I’ve always been a huge fan of German cinema, including many of the propaganda films made during the heyday of the Third Reich. The most famous of these are Leni Riefenstahl’s “Olympia” and “Triumph of the Will.” Say what you like about Riefenstahl’s “innocence” or “guilt,” there’s no question that she was a remarkable filmmaker whose work pushed the boundaries of cinematic artistry. Whatever her personal motives (she claims she was something of a dupe and not a supporter of Hitler’s vision for the German people), Riefenstahl’s work underscorses how effective such propaganda tools are. After watching either of these films, I can see how politically ambivalent people might be moved to declare their allegiance to the Master Race.

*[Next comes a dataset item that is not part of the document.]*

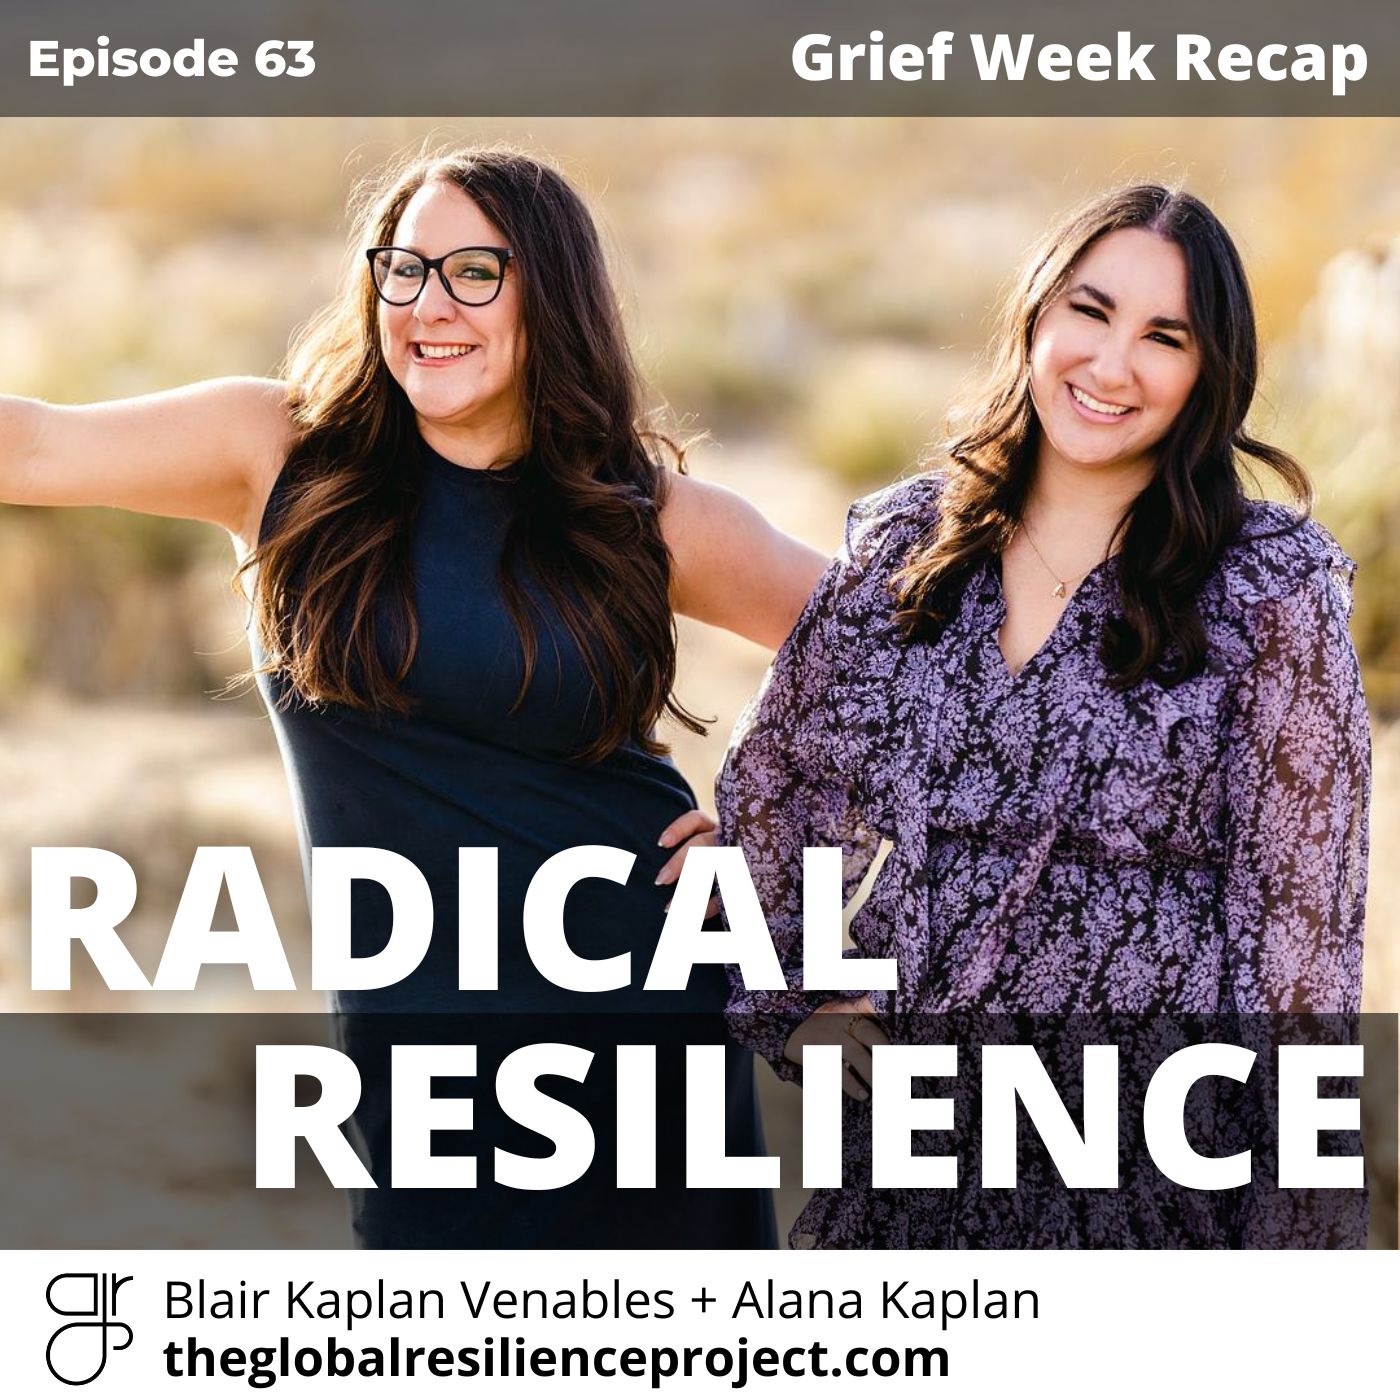 Artwork for podcast Radical Resilience

I never bought Riefenstahl’s claims of obliviousness, to some extent she had to know the role she was playing as part of Joseph Goebbels’ propaganda machine, but at the same time I don’t think she was motivated by Nazi policy so much as blind ambition. Always reluctant to apologize for her actions (“I filmed the truth as it was then. Nothing more.”) she came closest to acknowledging some responsibility for her role in a 1993 interview. “Being sorry isn’t nearly enough, but I can’t tear myself apart or destroy myself. I’ve suffered for over half a century and it will never end until I die. It’s such an incredible burden that to say ‘sorry’ is inadequate, it expresses too little.”

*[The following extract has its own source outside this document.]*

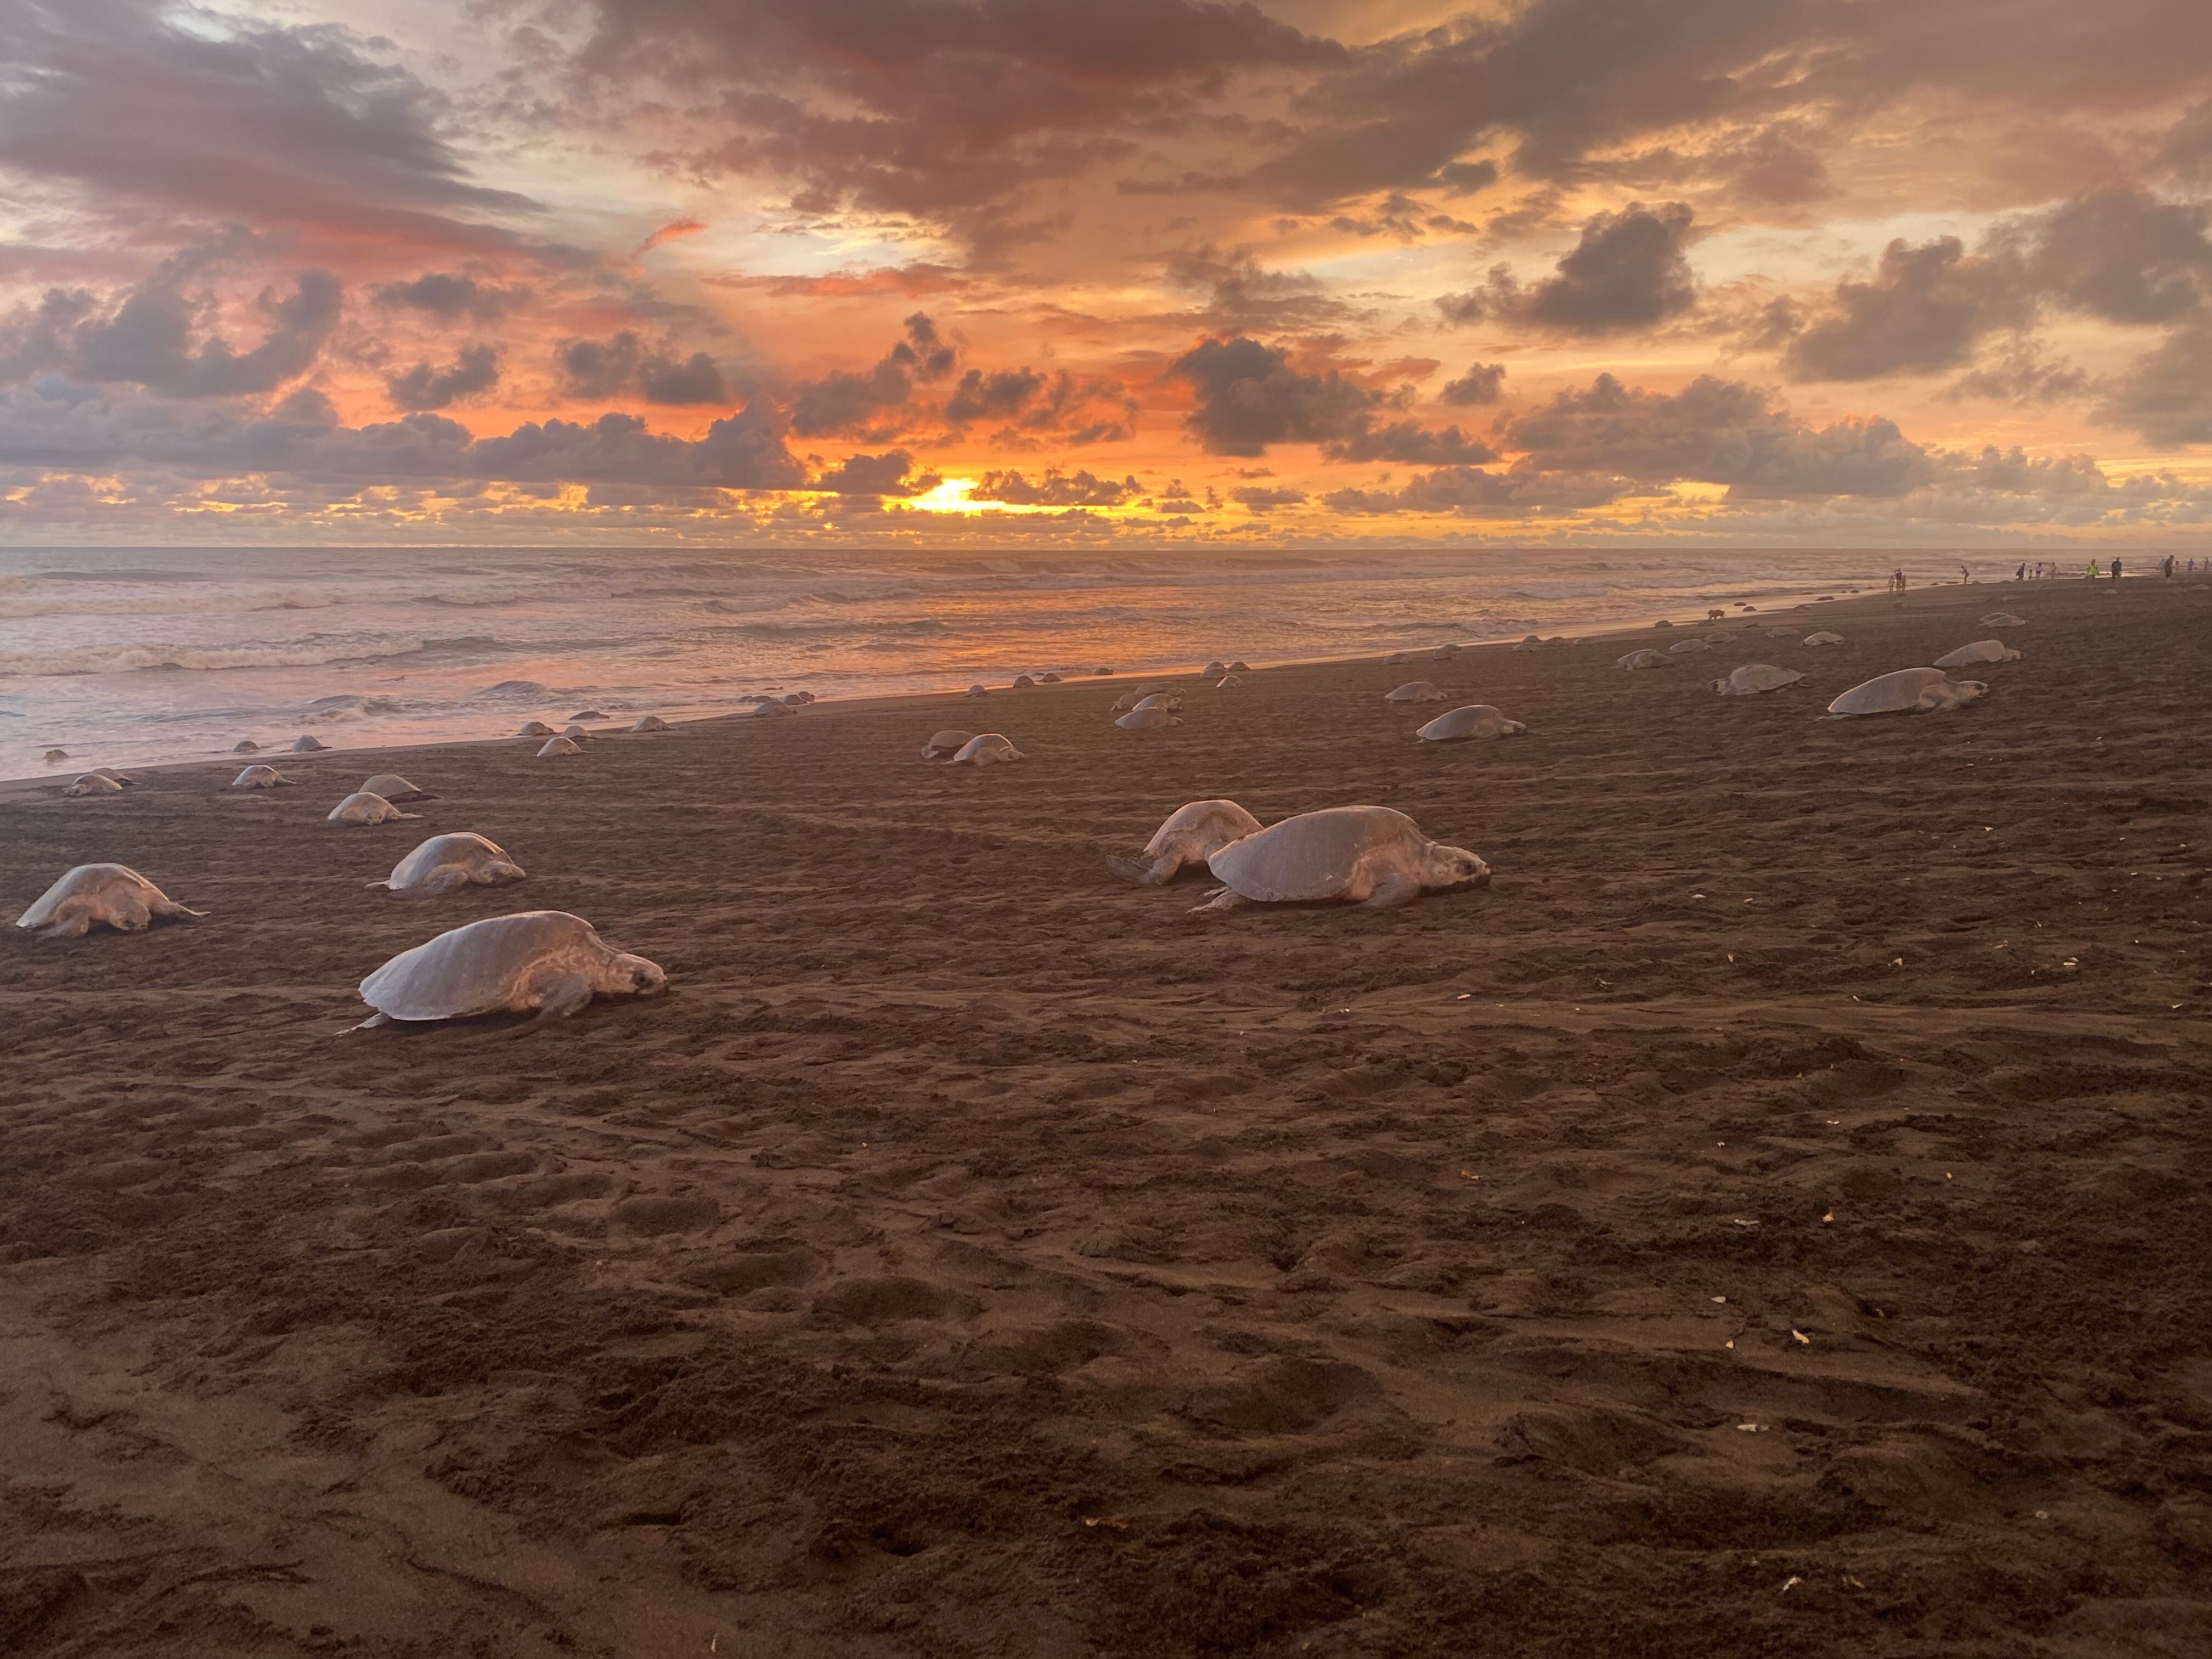 En el refugio Playa Hermosa-Punta Mala desovan tortugas que han visto en peligro sus hábitats ante el abandono de las autoridades. Foto de archivo con fines ilustrativos.

Riefenstahl died in 2003 at the ripe old age of 101. Although haunted by her ties to the Nazis, she continued making films, mostly nature documentaries, all the way up to her hundredth birthday. I remember the hubbub when Jodie Foster announced several years ago that she was going to produce and star in a film about Riefenstahl’s life. “There is no other woman in the twentieth century who has been so admired and so vilified simultaneously,” Foster said at the time. Madonna and Sharon Stone were courted for similar projects (Stone even received a fawning letter from Riefenstahl) but were reluctant to portray the controversial director. Foster herself was vilified by some for wanting to take on this role. “I’m going to catch shit on that one,” the actress correctly predicted during an earlier interview. The project has stalled for years but it’s not dead yet. In her most recent statement, Foster said, “Leni Riefenstahl’s story is something I’ve been dying to do for a very long time. I see it as the acting challenge of a lifetime. She was perhaps one of the greatest filmmakers of all time and yet her name and work will forever be linked to the horror of Nazi Germany. We have a very complicated moral tale to tackle.” I trust Jodie Foster can pull it off and I hope she gets the chance.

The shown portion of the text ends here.